In a recent demonstration at the Ai2 offices in Seattle, researchers showcased Molmo 2’s ability to analyze a diverse range of video content with precision and accuracy.
- During a soccer clip analysis, Molmo 2 identified a defensive mistake that led to a goal.
- In a baseball video, the model recognized the teams, players, and explained its reasoning based on uniforms and stadium branding.
- When presented with a cooking video, Molmo 2 generated a structured recipe with ingredients and detailed instructions.
- The model accurately counted and identified each flip performed by a dancer in a video.
- In a tracking demo, Molmo 2 successfully followed and maintained IDs for four penguins as they moved around the frame.
- For a racing clip, the model tracked specific cars and identified the correct vehicle based on the query.
Big year for Ai2
The release of Molmo 2 marks a significant milestone for Ai2, a nonprofit organization founded by the late Microsoft co-founder Paul Allen. Ai2 has received substantial funding, partnered with leading institutions for AI research initiatives, and developed open models for text, images, and now video analysis.
With a focus on advancing AI research and making innovations freely available, Ai2 aims to collaborate with the community and drive progress in the field of artificial intelligence.
As part of its commitment to open AI systems, Ai2 has also introduced Bolmo, an experimental text model that enhances language processing capabilities at the character level.
Expanding into video analysis
Molmo 2 represents Ai2’s foray into video analysis, offering a powerful tool for understanding and interpreting video content. The model’s open nature sets it apart from closed systems, allowing developers to customize and optimize its performance for specific applications.
By leveraging high-quality human annotations and a smaller training dataset, Molmo 2 achieves impressive performance metrics while remaining efficient and accessible for a wide range of applications.

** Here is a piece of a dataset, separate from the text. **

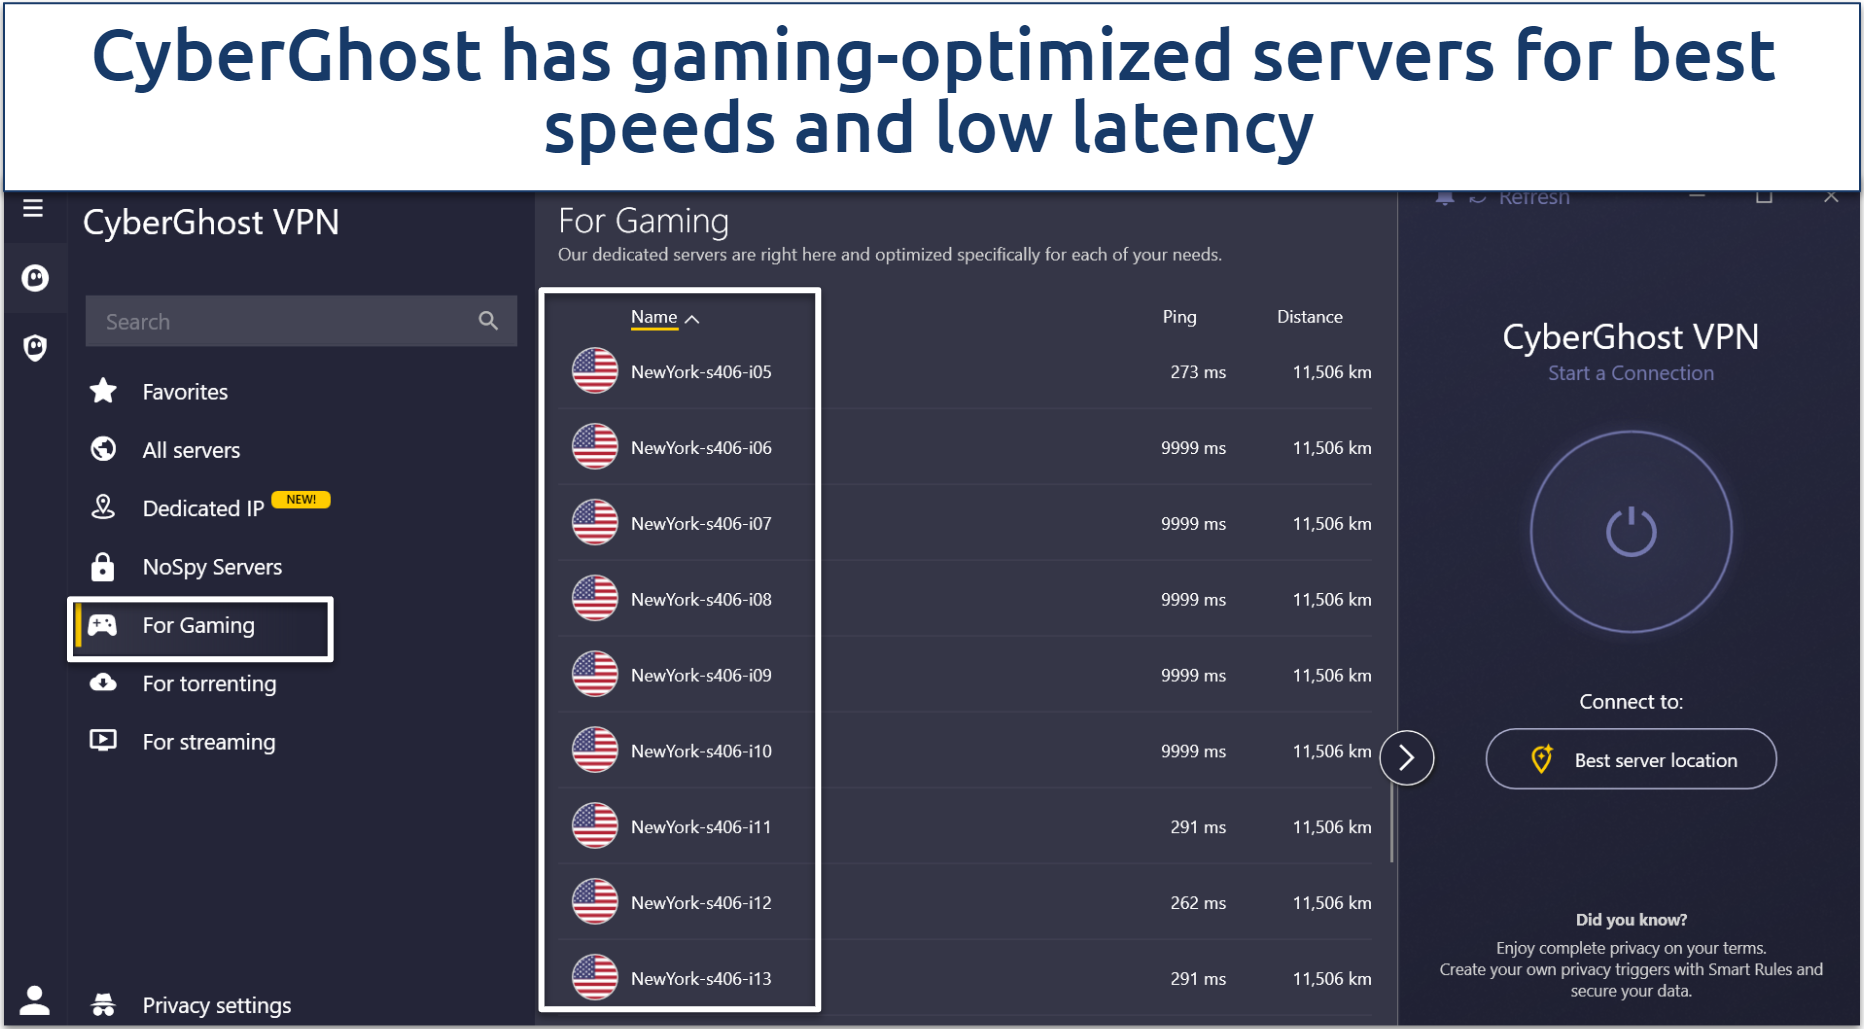 Screenshot of CyberGhost's gaming servers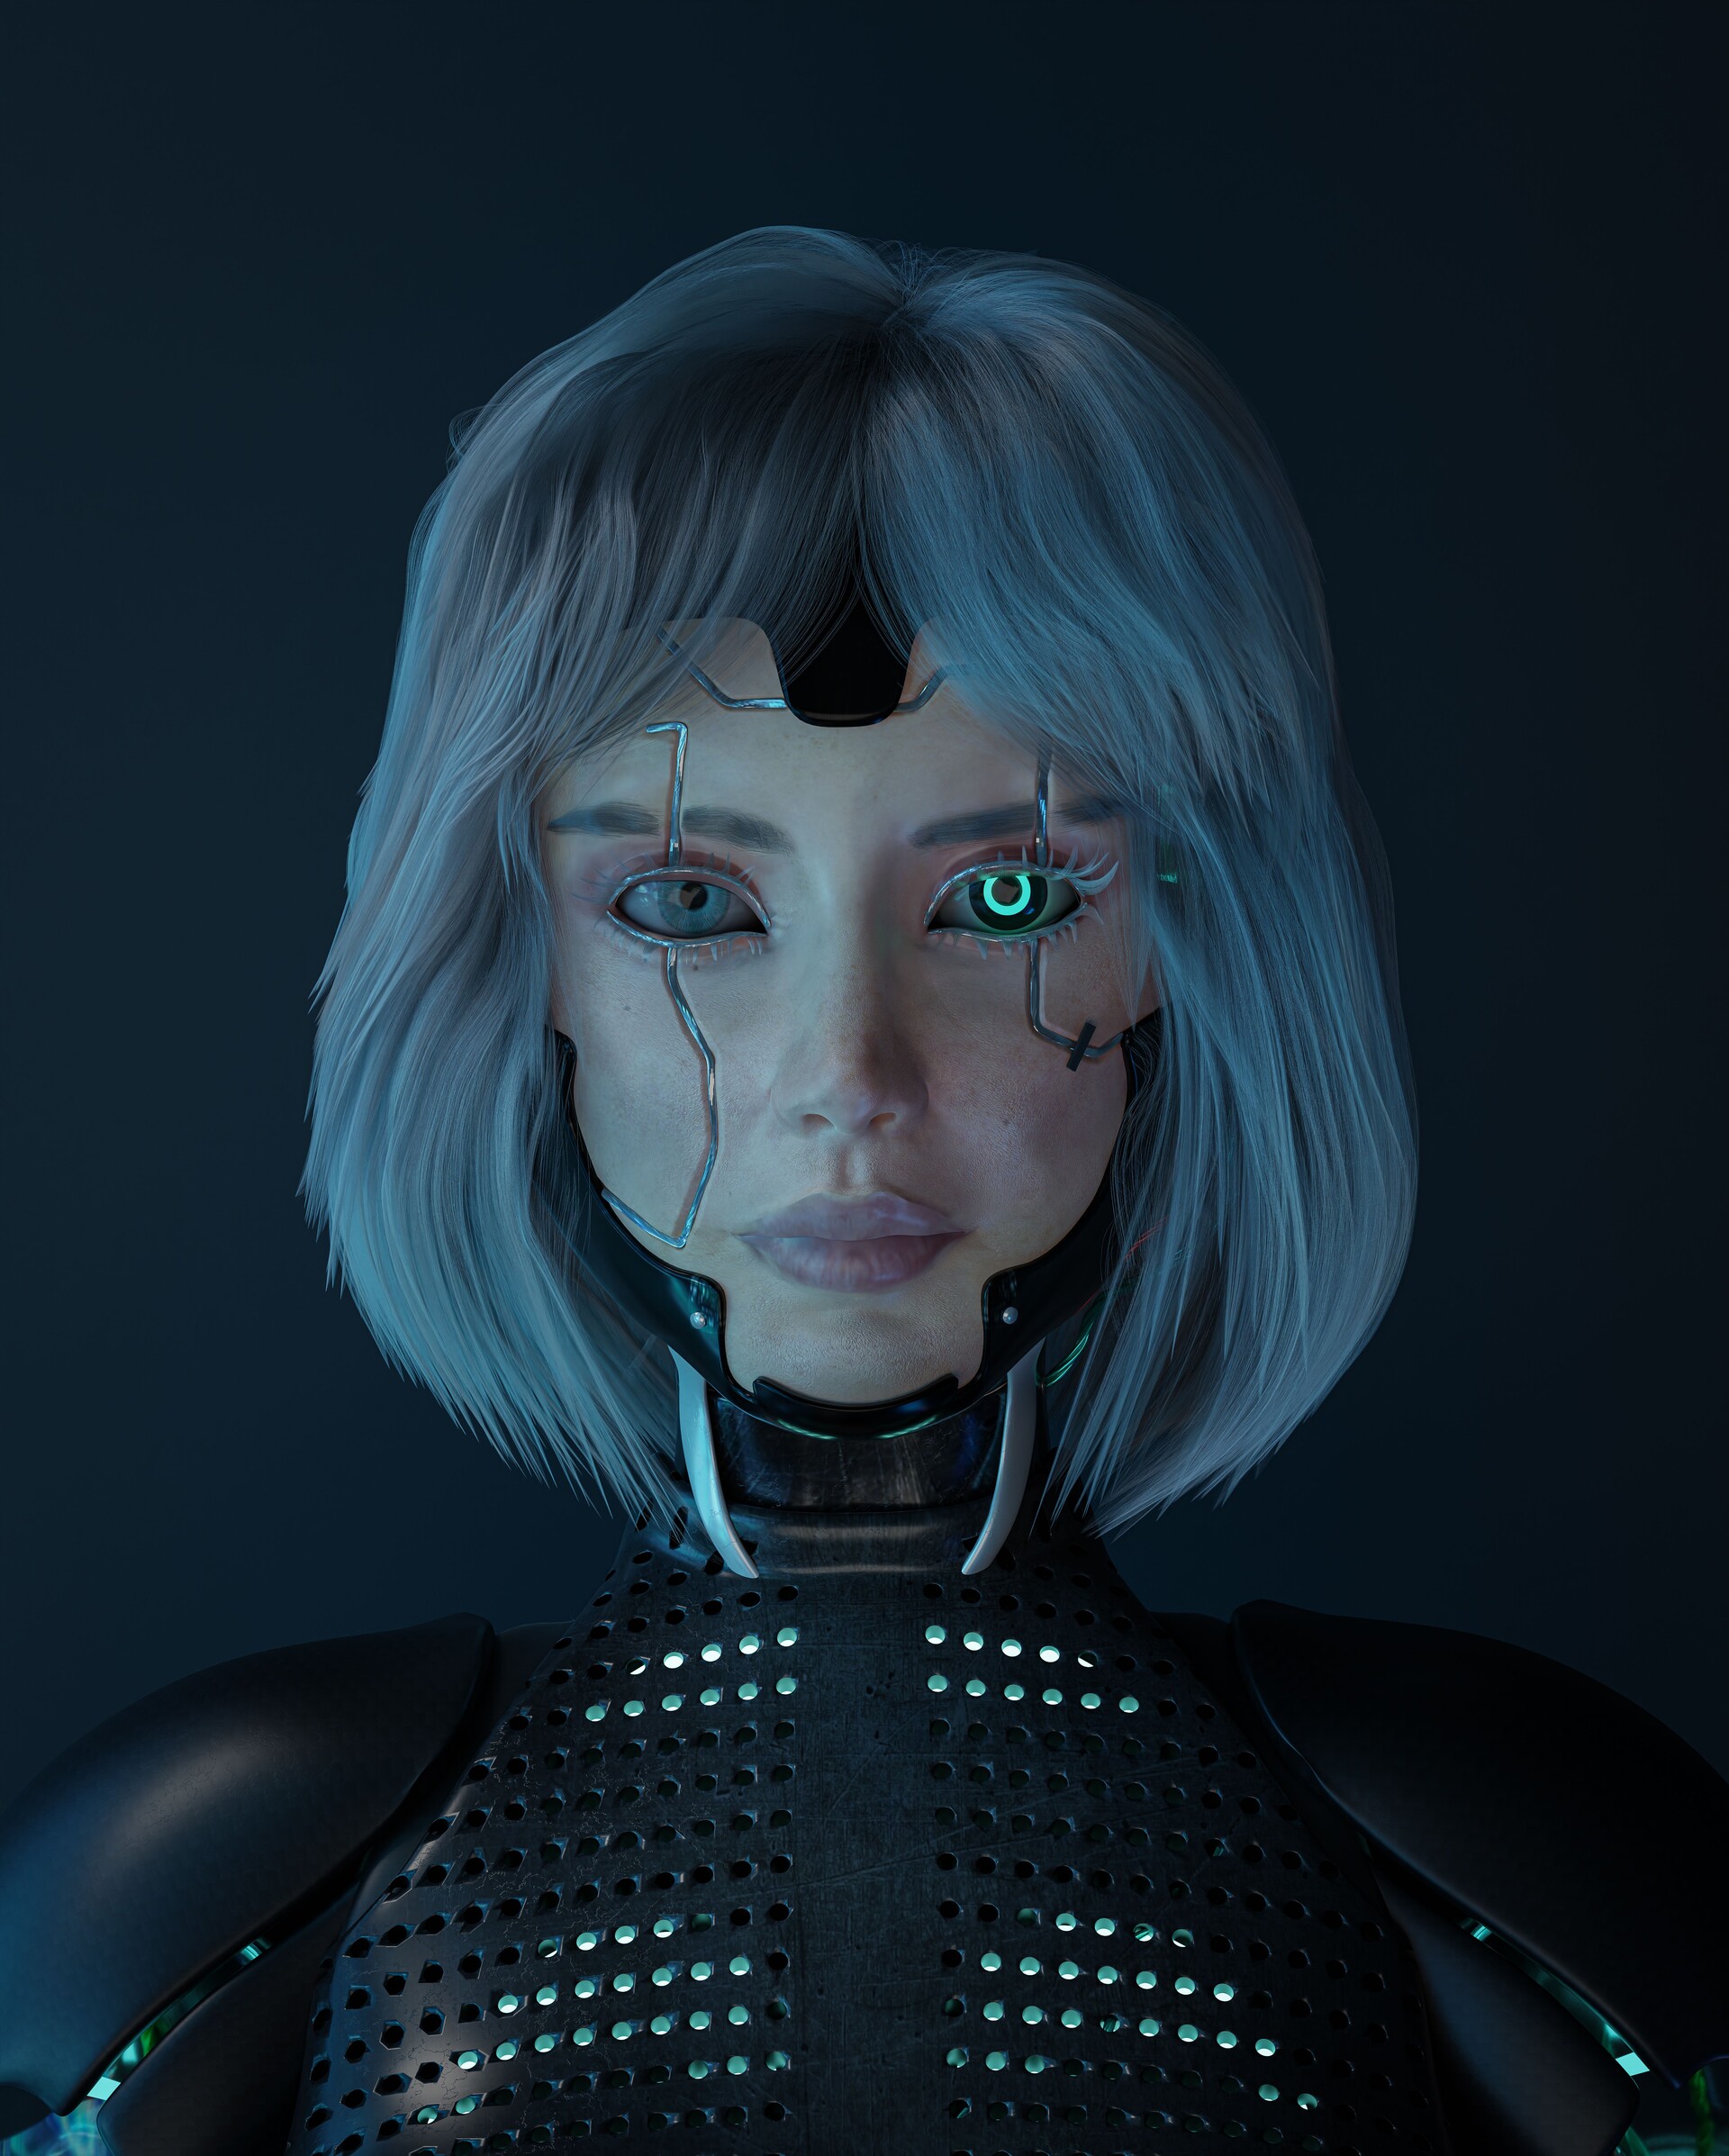 ArtStation - Cyberpunk-inspired character

As Ai2 continues to innovate and expand its AI capabilities, Molmo 2 represents a significant step forward in video analysis and understanding, paving the way for future developments in the field.
A work in progress
While Molmo 2 showcases remarkable capabilities in video analysis, it also has limitations that the Ai2 team is actively addressing. The model’s tracking capability is currently optimized for a limited number of objects, with room for improvement in crowded scenes and long-form video analysis.
Despite these challenges, Ai2 remains dedicated to pushing the boundaries of AI research and developing open models that empower developers and researchers worldwide.